Talvez precisemos de procurar modelos e especialistas em sinodalidade ainda mais longe, onde a necessidade de encontrar a unidade na diversidade é maior. Os ativistas que trabalham incansavelmente como pacificadores para resolver conflitos armados, os trabalhadores de caridade que ajudam a prestar ajuda a comunidades divididas ou as pessoas que ministram em paróquias multiculturais podem oferecer tais modelos e conhecimentos. É importante notar que são estas pessoas que habitam as periferias para onde o Papa Francisco tantas vezes nos convidou a viajar.

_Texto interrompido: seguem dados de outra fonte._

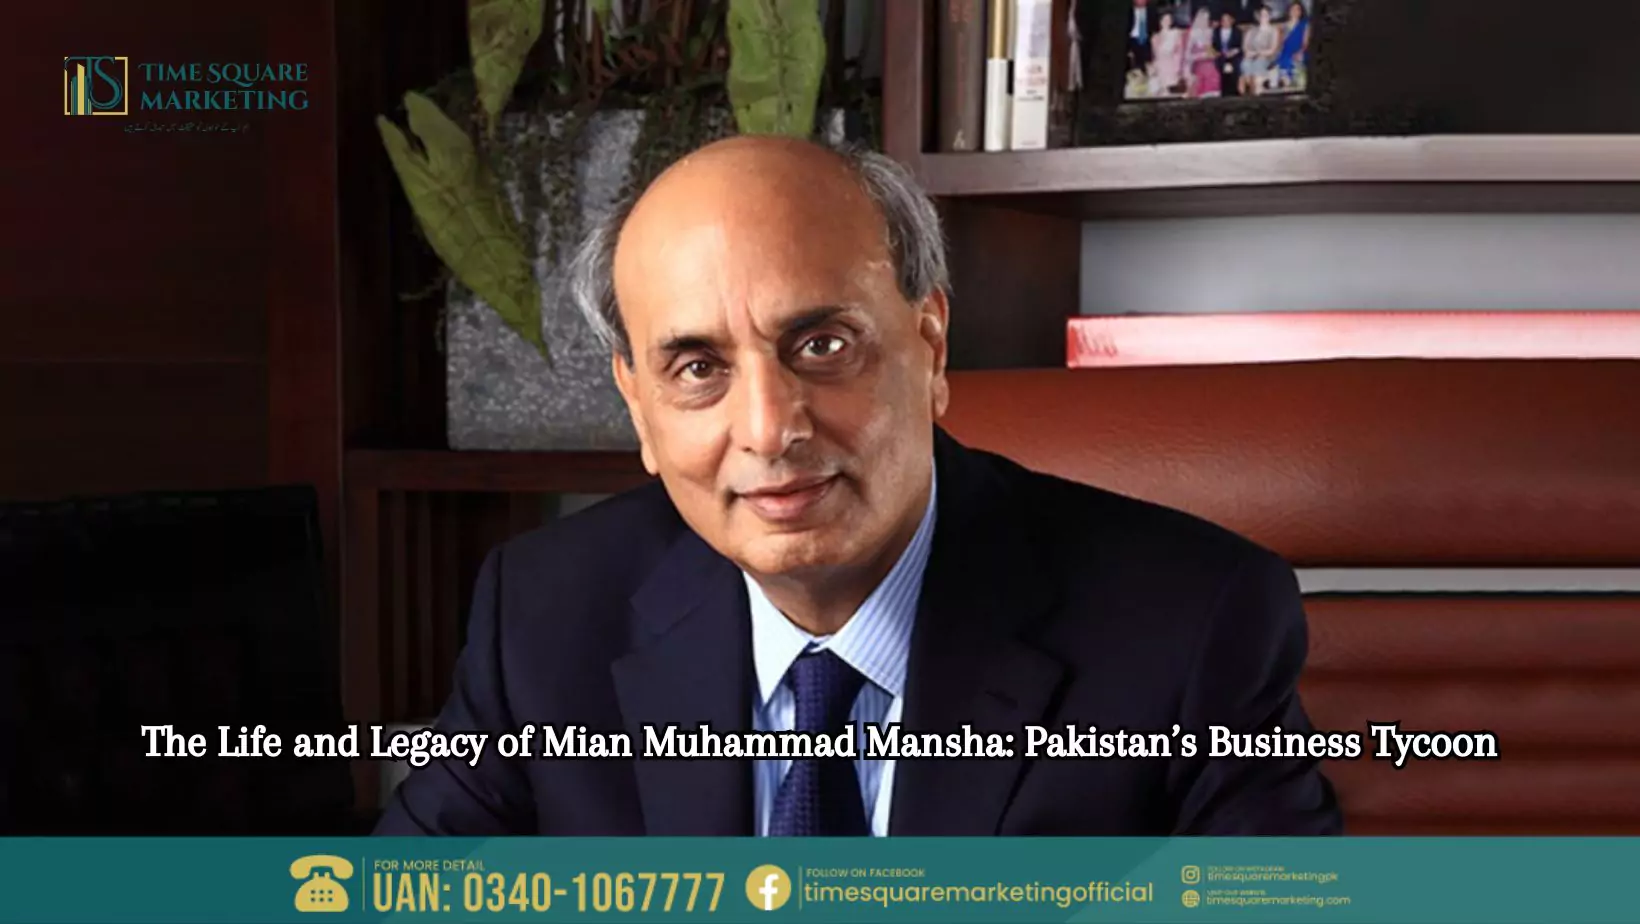 The Life and Legacy of Mian Muhammad Mansha Pakistan’s Business Tycoon

Enquanto isso, porém, enquanto aqueles que já foram chamados para liderar a próxima sessão do Sínodo em outubro de 2024 pensam sobre o que está por vir, será importante ter firmemente em mente que este Sínodo está sendo conduzido ad experimentum, de forma experimental na base.
Por esta razão, não devemos ficar consternados se as nossas primeiras tentativas de sinodalidade forem potencialmente insuficientes, não funcionarem como esperado ou precisarem de ser revistas. Somente aprendendo com as deficiências das nossas experiências e procurando integrar a sabedoria proveniente de uma gama tão ampla quanto possível, poderemos realmente esperar descobrir a sinodalidade à qual o Senhor está a chamar a Igreja no terceiro milênio.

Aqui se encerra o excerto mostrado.